Pour les organisations sportives internationales, le bilan est positif: les TBI sont de nature à apporter une plus grande sécurité juridique à leurs compétitions, en leur offrant, arme ultime, une voie de recours contre l’Etat hôte qui aurait, par exemple, conduit leur événement à l’échec. A ce titre, il y aurait lieu pour le CIO ou la FIFA de faire rentrer l’existence d’un TBI en vigueur avec la Suisse dans les critères d’évaluation de l’environnement juridique des candidatures à l’organisation des JO ou de la Coupe du monde.
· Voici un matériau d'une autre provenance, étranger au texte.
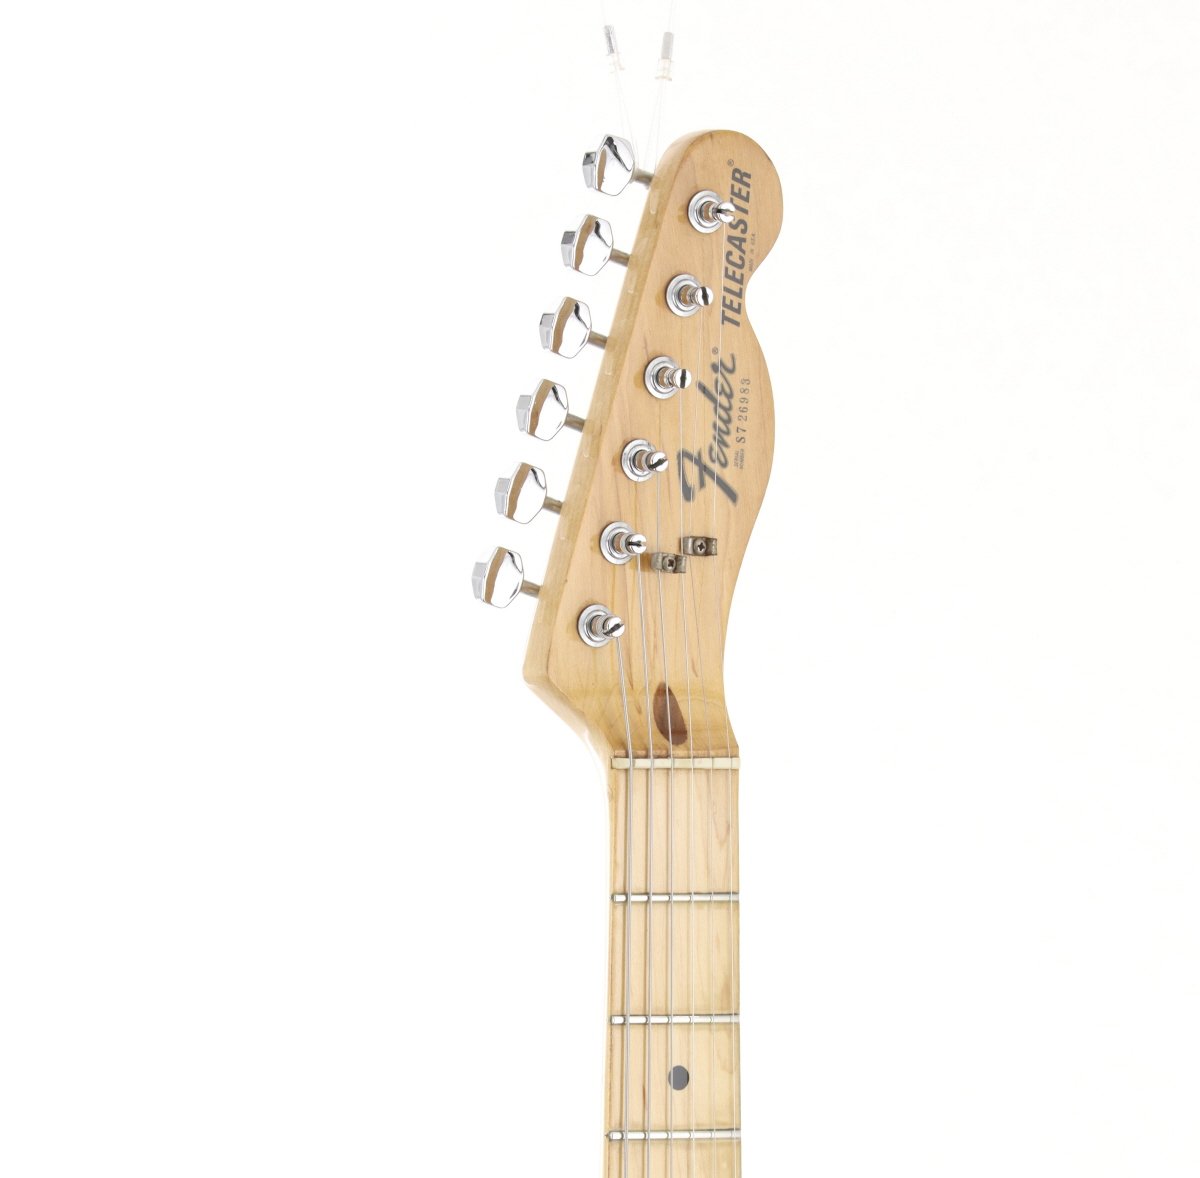 [SN S726983] USED Fender USA / Telecaster 1978 Natural [03]

En passant, on relèvera que la marchandisation du sport participe ici de l’émergence de nouveaux droits pour les organisations sportives, alors qu’elle était plutôt à l’origine de nouvelles obligations dans le cadre de l’Union européenne (respect des libertés de circulation et de la libre concurrence).

Pour l’Etat d’accueil de la compétition sportive internationale, les enseignements sont tout autres. La réflexion autour du TBI Suisse/Brésil a mis en évidence la «préférence pour l’investisseur»110 qui caractérise ce genre d’instruments. Sur son fondement, le Brésil pourrait se retrouver attrait devant un tribunal arbitral, y compris par un comité local d’organisation de la compétition, et être condamné à réparer les dommages résultant d’un comportement évalué au regard de standards pour le moins incertains, en partie dépendants de l’appréciation subjective des arbitres. L’intérêt de ce type d’instruments pour le Brésil paraît d’autant moins évident que les investissements étrangers continuent d’affluer: le Brésil est une terre attractive; le CIO et la FIFA ne s’y sont pas trompés.

En somme, on ne saurait conseiller au Brésil de ratifier ses traités bilatéraux relatifs aux investissements… mais on ne saurait déconseiller au CIO et à la FIFA de prendre sérieusement en considération toute la protection que peuvent leur apporter les instruments relatifs aux investissements auxquels sont parties les Etats d’accueil de leur compétition.

110 P. Daillier / M. Forteau / A. Pellet, Droit international public (Nguyen Quoc Dinh), Paris, LGDJ, 2009, p. 1213, n° 642.